Daily Business Resources for Entrepreneurs, Web Designers, & Creatives by Andy Sowards

Updating Your Look: Bringing Your Company into 2015

One of the hardest things about keeping a business alive and thriving is making sure that nobody gets bored. This means keeping your team energized and happy. It means doing everything you can to keep your products and services feeling exciting. The worst thing in the world for your business would be to have people get so used to your brand that they stop seeing it and start taking it for granted.

Perhaps the best way to keep this from happening is to update and upgrade your company regularly. This helps keep your team, your audience and your brand feeling fresh and new. Why else do you think that big companies like Pepsi, Frito-Lay, etc do big rebranding projects every few years?

There are three areas in which these updates and upgrades must occur if you want them to be successful and to “stick:” your office space, your branding/advertising and yourself.

Your Office Space

You don’t necessarily have to do a huge overhaul and spend a lot of money trying to make your office space look like something out of a design magazine. If you’re still using the same boring gray cubicle farm setup you had when you opened your company a decade ago, though, it’s time to make some changes.

A good place to start is with your color scheme. Introducing color and trading gray for white is a fantastic way to brighten up an office space as well as the moods of the people who work in it. There is a psychology behind color and design, you know.

While you’re at it, switch out the gray fabric cubicles for something in wood or glass. You don’t necessarily have to adopt an open office plan–studies show it’s bad for productivity anyway–but making some aesthetic changes to your bullpen is important.

Your Branding


Importance of Color in Brand Identity

Are you still using the same logo and advertising techniques you were using a decade ago, it is time to stop. People have probably stopped noticing it. You don’t have to make radical changes to your logo or graphics, but updating them to reflect the current year is a good idea. A good place to start is by learning about the psychology of color and branding.

While you’re at it, it’s time to upgrade your actual marketing materials. For example, if you’re still sending out refrigerator magnets to clients (and giving them away at conventions and networking events), quit it. Trade up for things that are actually useful for the new millennium. One of the most popular trends right now is for companies and brands to design personalized USB drives to give away. Another popular choice is to switch the t-shirt for a tote bag. People aren’t likely to wear a branded shirt unless they are a super fan. They will, however carry the tote bag around.
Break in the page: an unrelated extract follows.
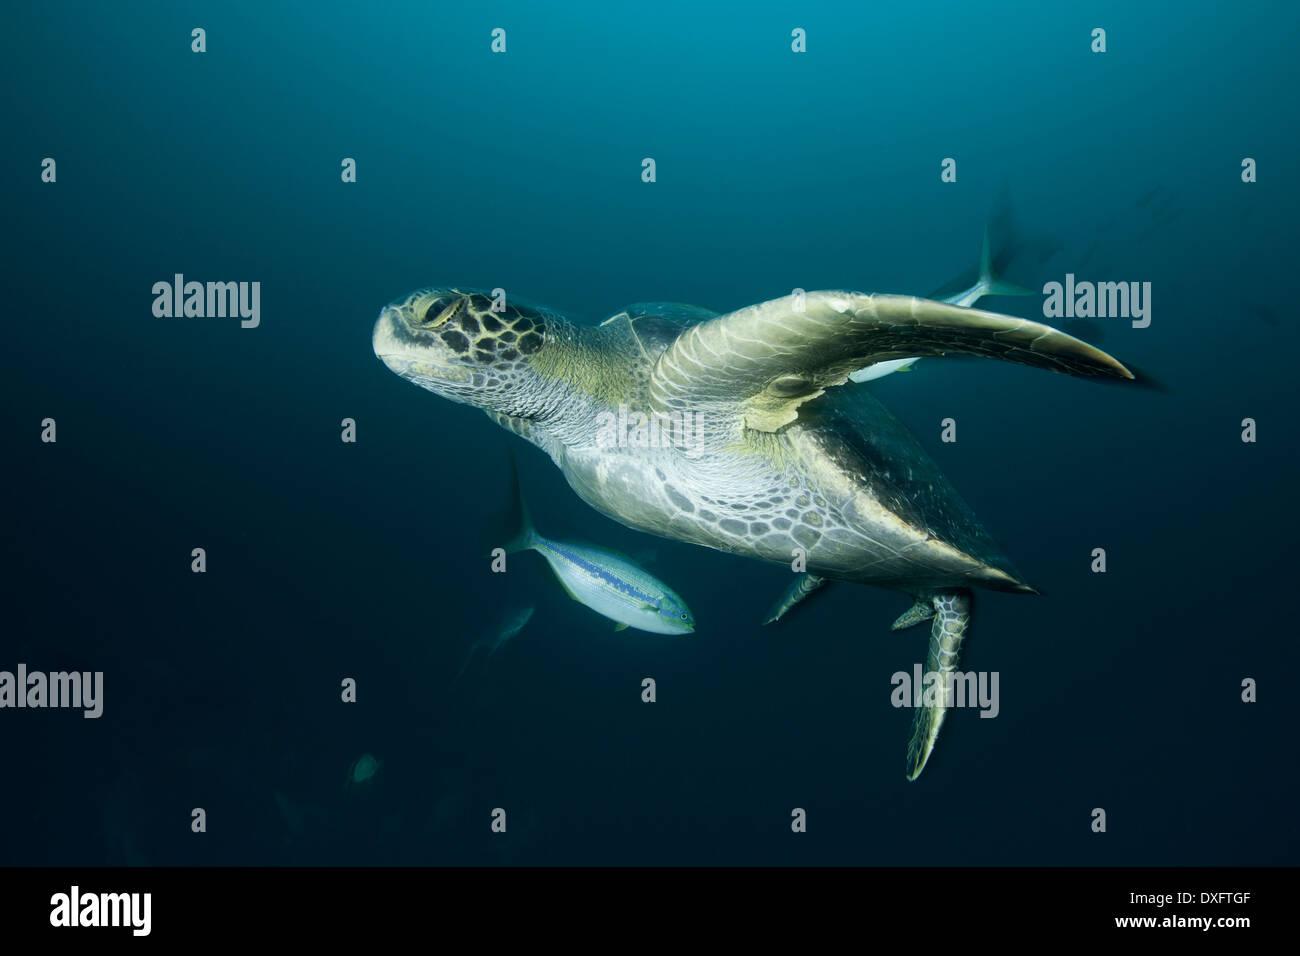 Green Sea Turtle, Chelonia mydas, Cocos Island, Costa Rica - Stock Image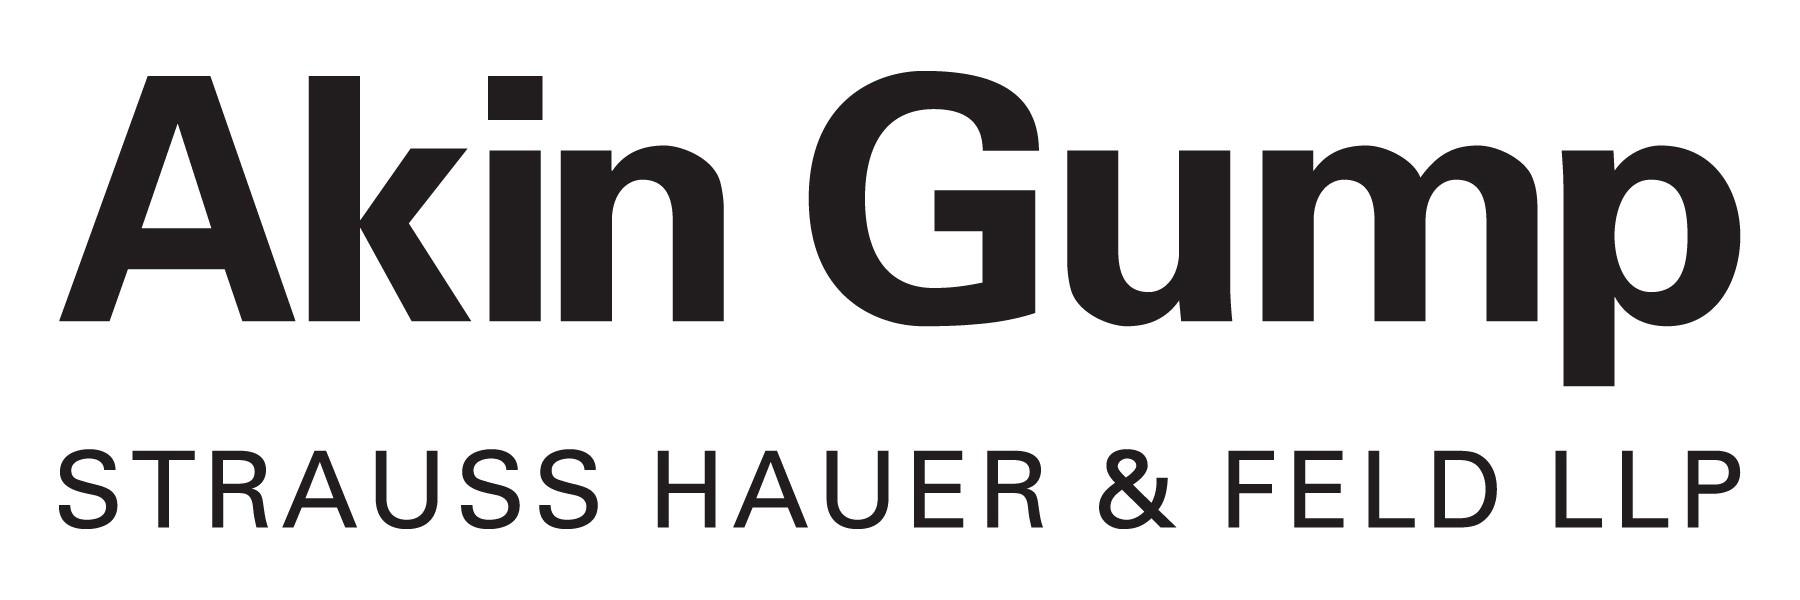 2017-AkinGump-FW_LogoSILVER

Updating and Upgrading Yourself


CSS-Tricks Screencast #125: How To Stay Up To Date on Web Technology

What we’re talking about here is updating and upgrading your knowledge and habits. For example, if you still insist on using only a paper calendar, it’s time to learn how to use the calendar app on your phone as well as a few scheduling apps that can sync across devices. It’s time to trade the notebook for a tablet.

This isn’t just true when it comes to physical technology either. If you’re still running your business using knowledge that you learned a decade ago, you are forcing your company way behind the curve. Learn what is popular for contemporary audiences and in your niche. Take a class or two if you have to. It’s one thing to still insist on using the hard “g” sound when you say “GIF.” It’s entirely another to call a GIF “one of those cute repeated graphics” (which sounds condescending, but you’d be surprised by how often things like this happen).

The great news is that you can work on all of these things simultaneously and phase them in over time. You don’t have to keep doing things one way because you’ve gotten used to them. Sure you’ve found some success but don’t you want more?